Eddie Mae Steward (1938–2000) was known for her activism during the Civil Rights Movement in the state of Florida.

Ms. Steward served as president of both the Jacksonville NAACP as well as the Florida State Conference.

In 1971, Ms. Steward allowed her children Jerry, Ervin, Angela, Alta, Carla and Venetia to be used as the plaintiffs in a lawsuit against the Duval County School Board. The lawsuit Mims v. Duval County School System made her a household name throughout the city due to forced busing that occur as a result.

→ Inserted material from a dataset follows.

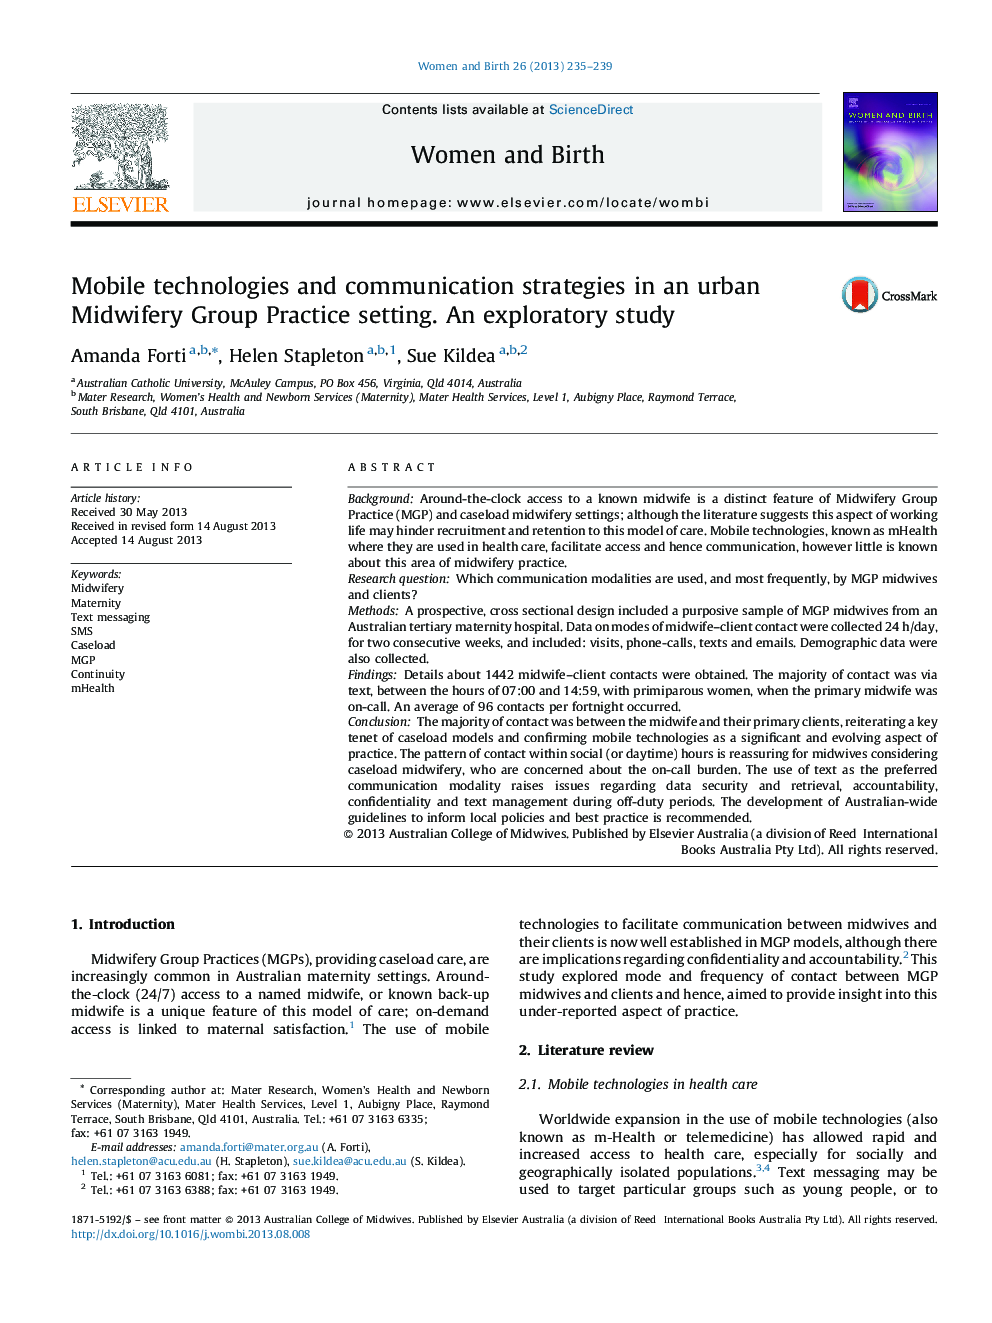 Mobile technologies and communication strategies in an urban Midwifery Group Practice setting. An exploratory study

Ms. Steward served as president of the Jacksonville NAACP from 1972-1978. During her three terms, she fought against racial discrimination in the police, fire department and city government. She organized numerous demonstration and boycotts against racial profiling of blacks by police. Under her leadership, the membership was increased to over 2,500 members, which made it the largest NAACP branch in the Southeastern region.

After not seeking reelection to the NAACP post, she served as a member of the Florida State Housing Council and Florida State Biracial monitoring Committee.

Ms. Steward ran unsuccessfully for the Jacksonville City Council twice and Florida State Senate.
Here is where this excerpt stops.